#### Collected material:

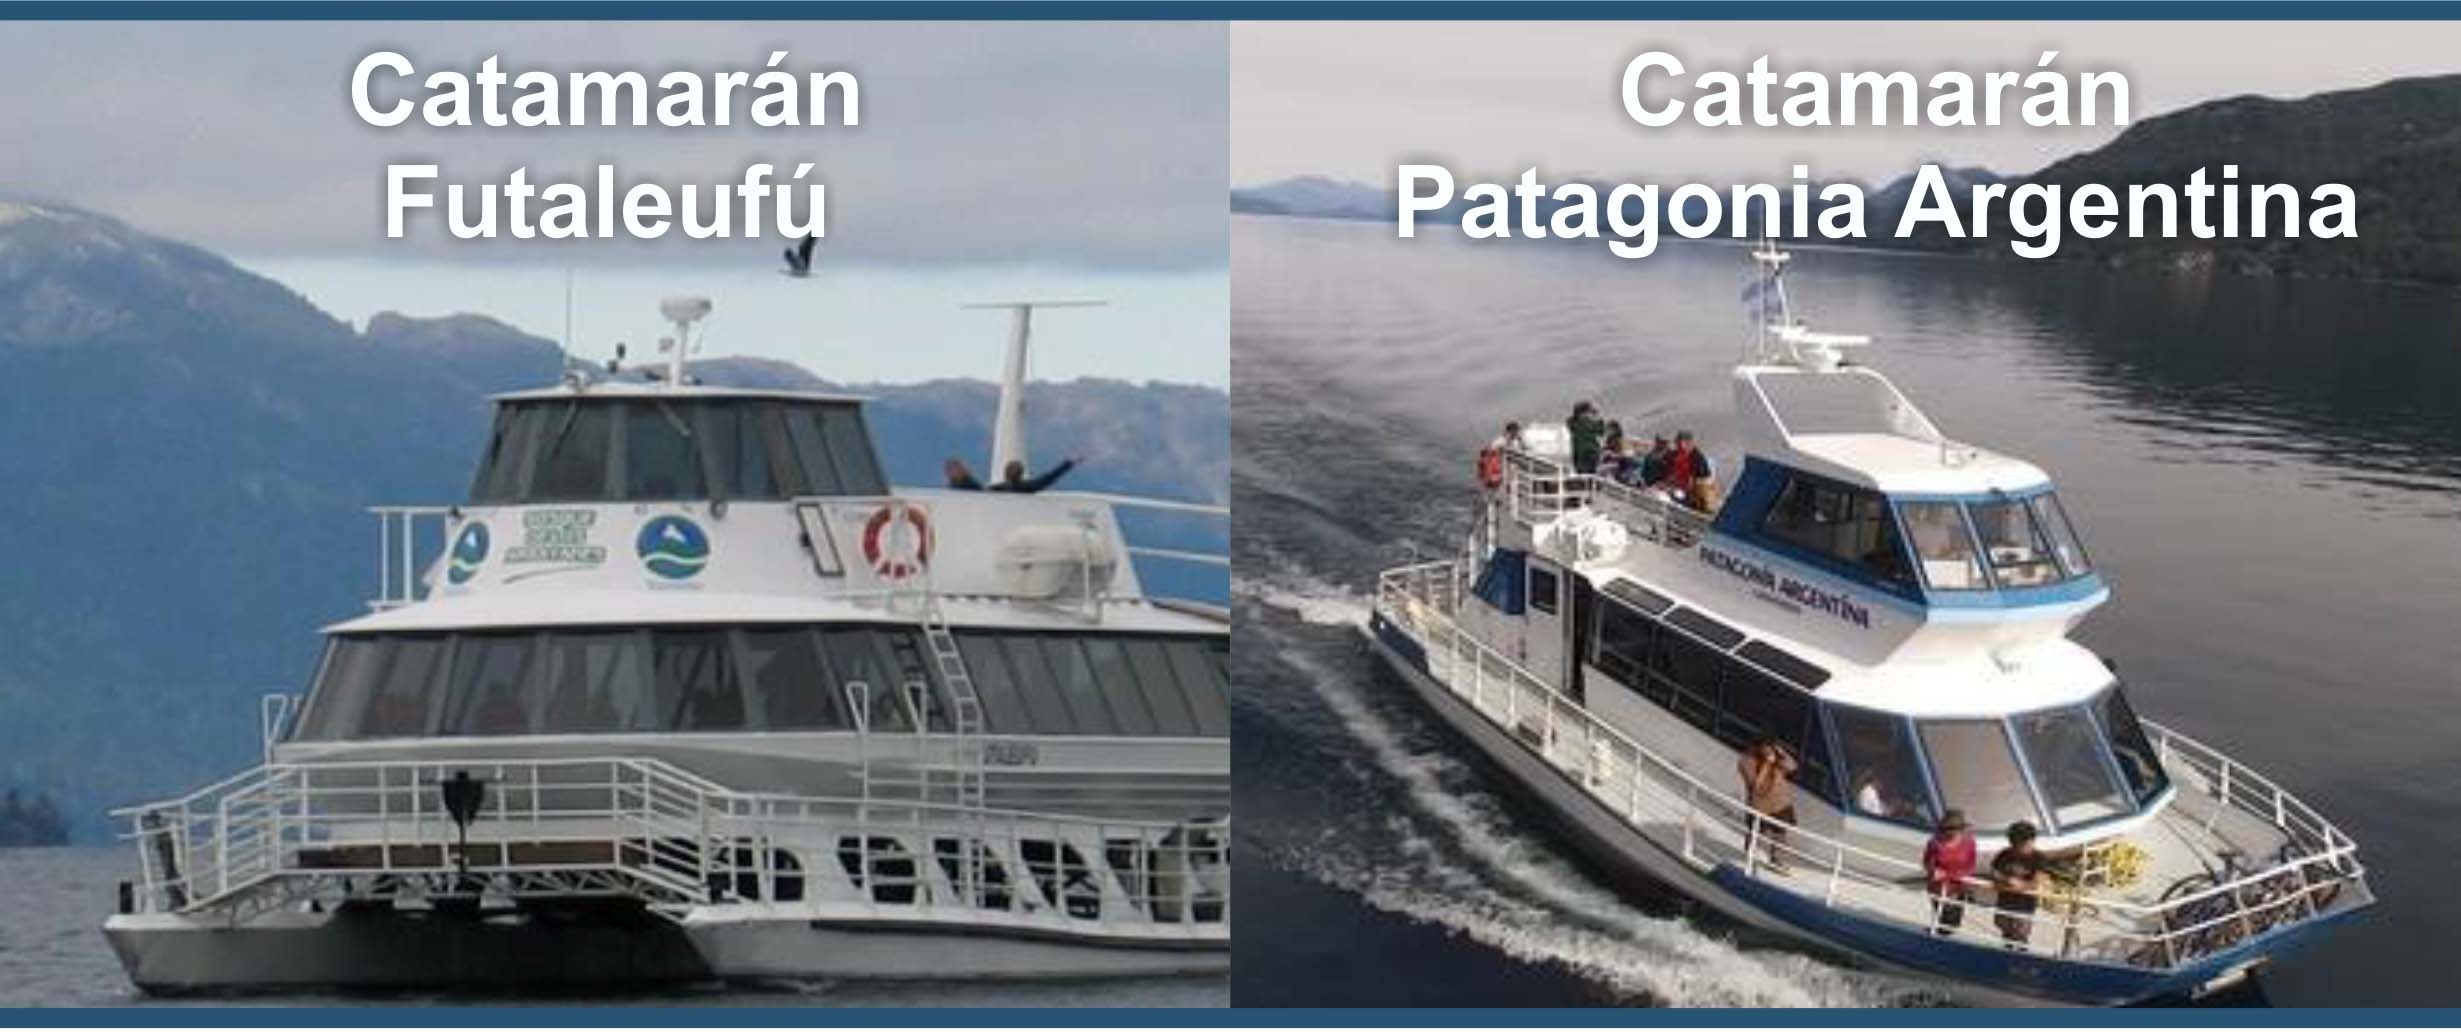 catamaranes
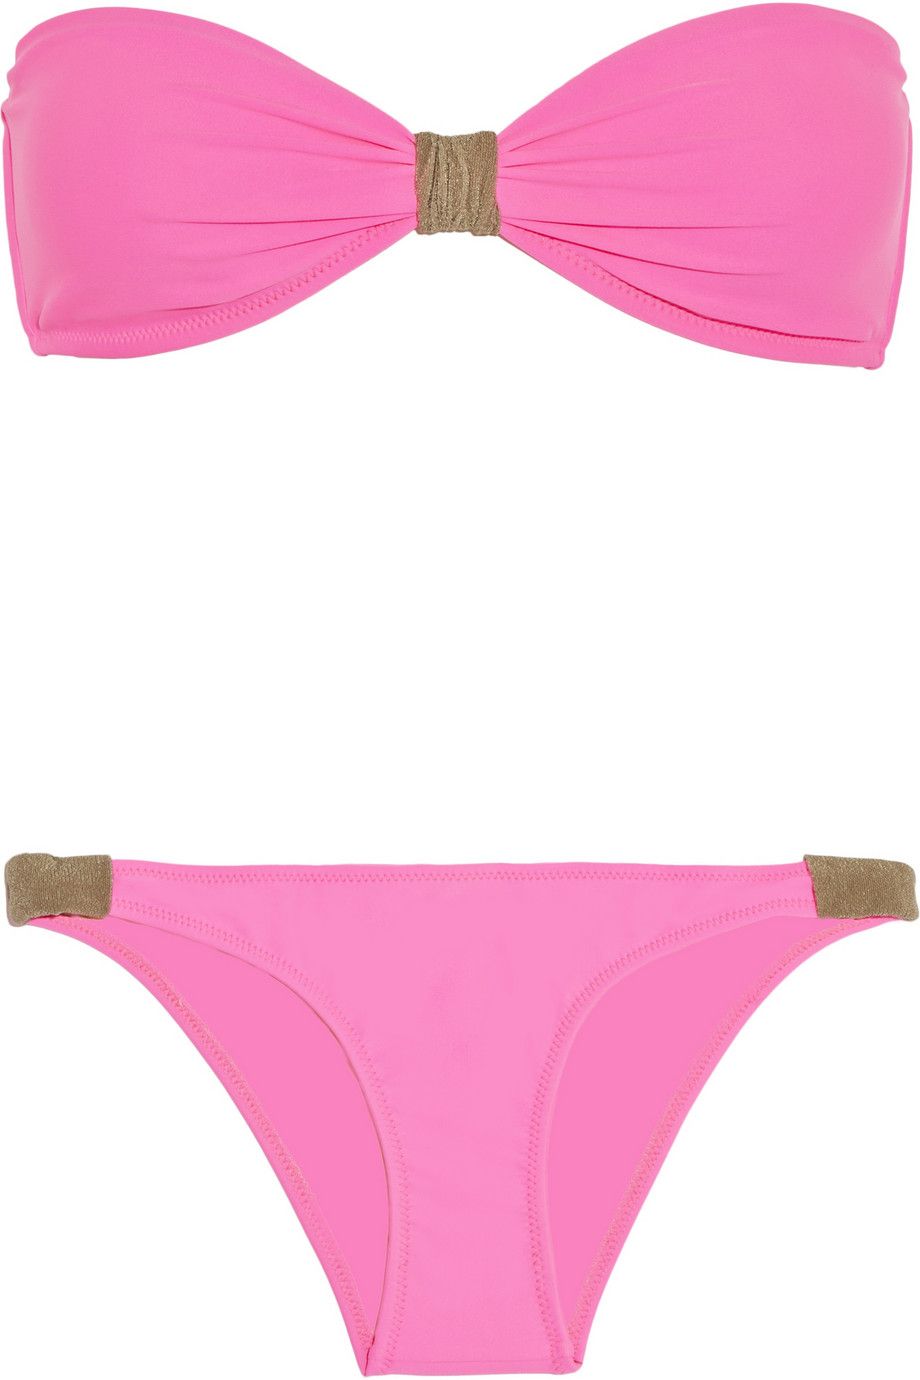 Heidi Klein Fez pink bikini from Net-a-Porter
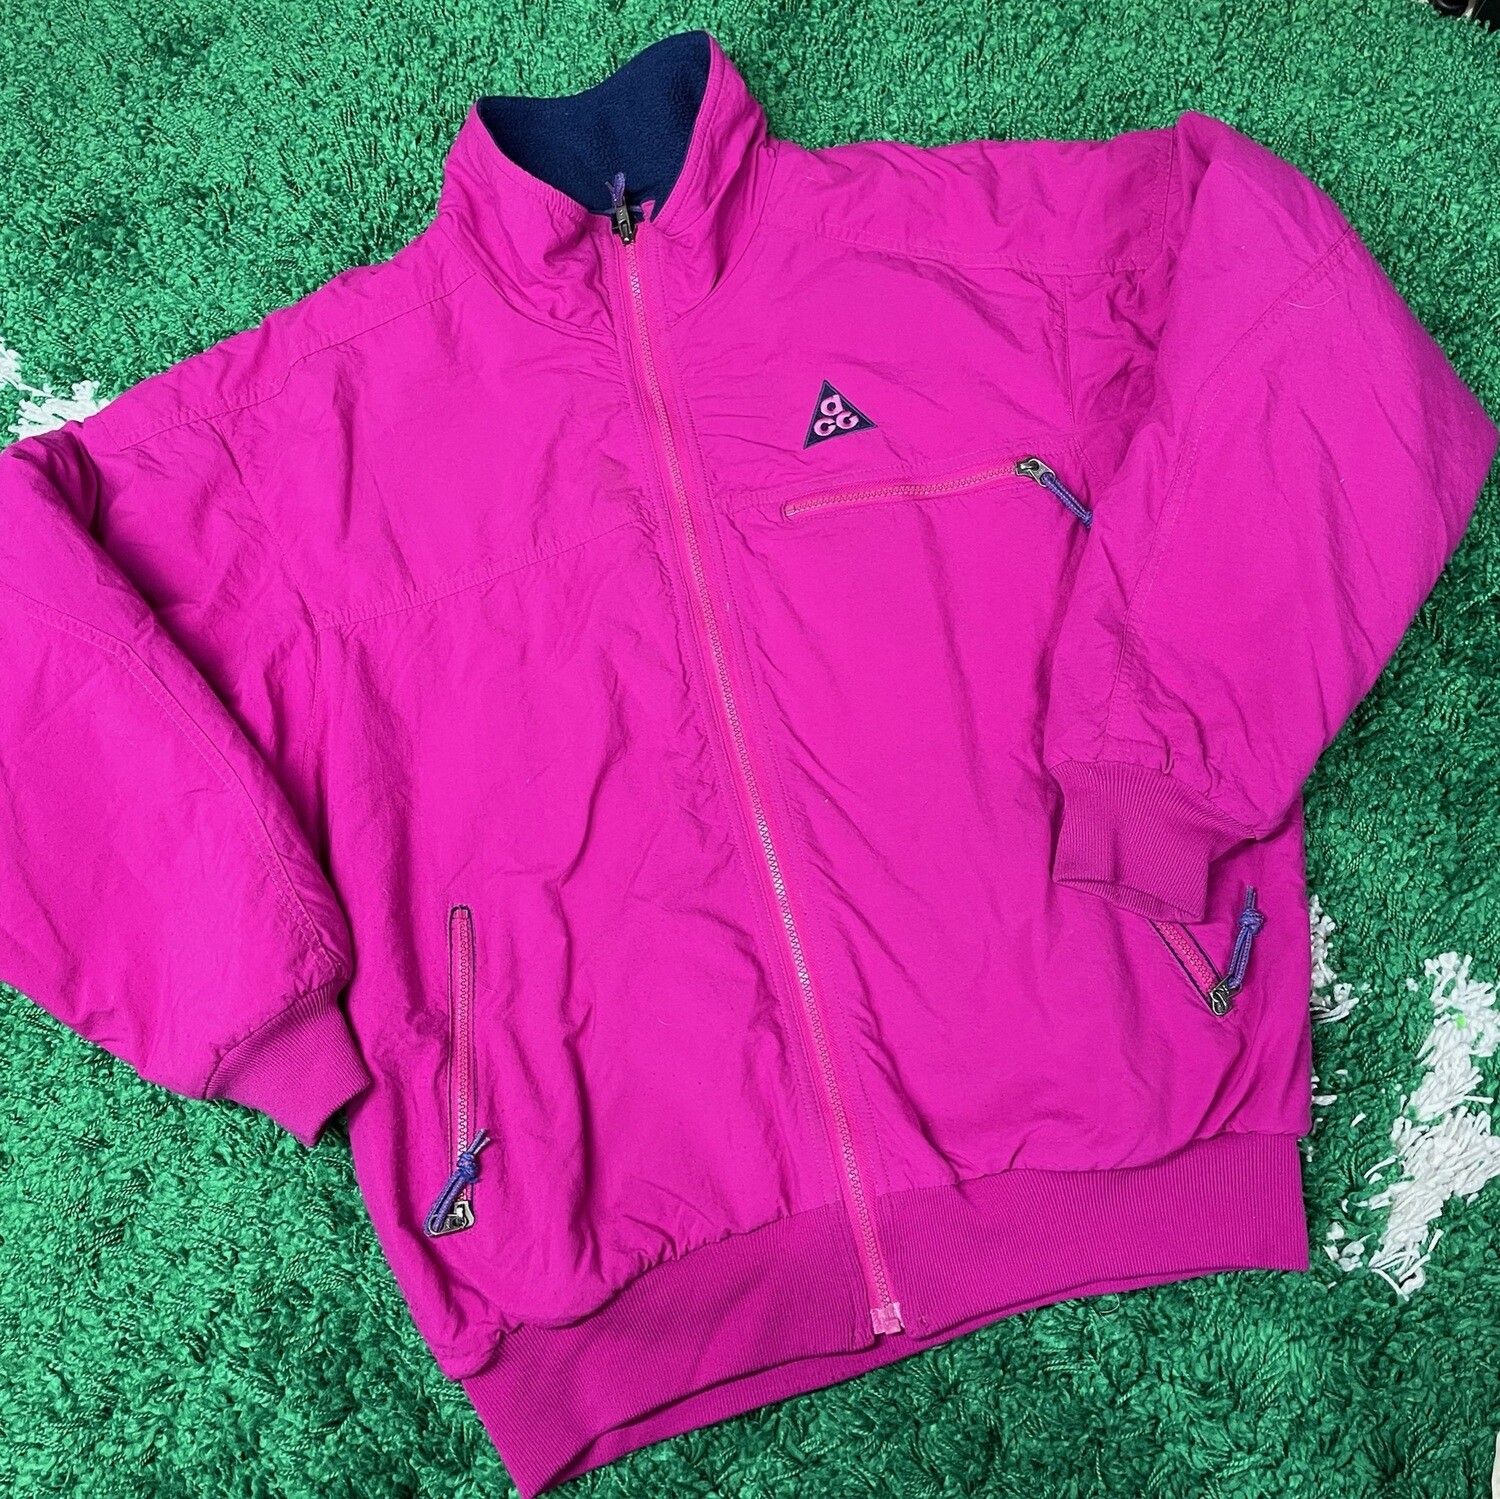 Nike ACG Pink Jacket Size Medium

#### Assignment:
Starting at the line that contains "Heidi Klein Fez", please write out each line through the last line of the data, both ends included, and keep pictures out of the copy.

#### Task output:
 Heidi Klein Fez pink bikini from Net-a-Porter
 Nike ACG Pink Jacket Size Medium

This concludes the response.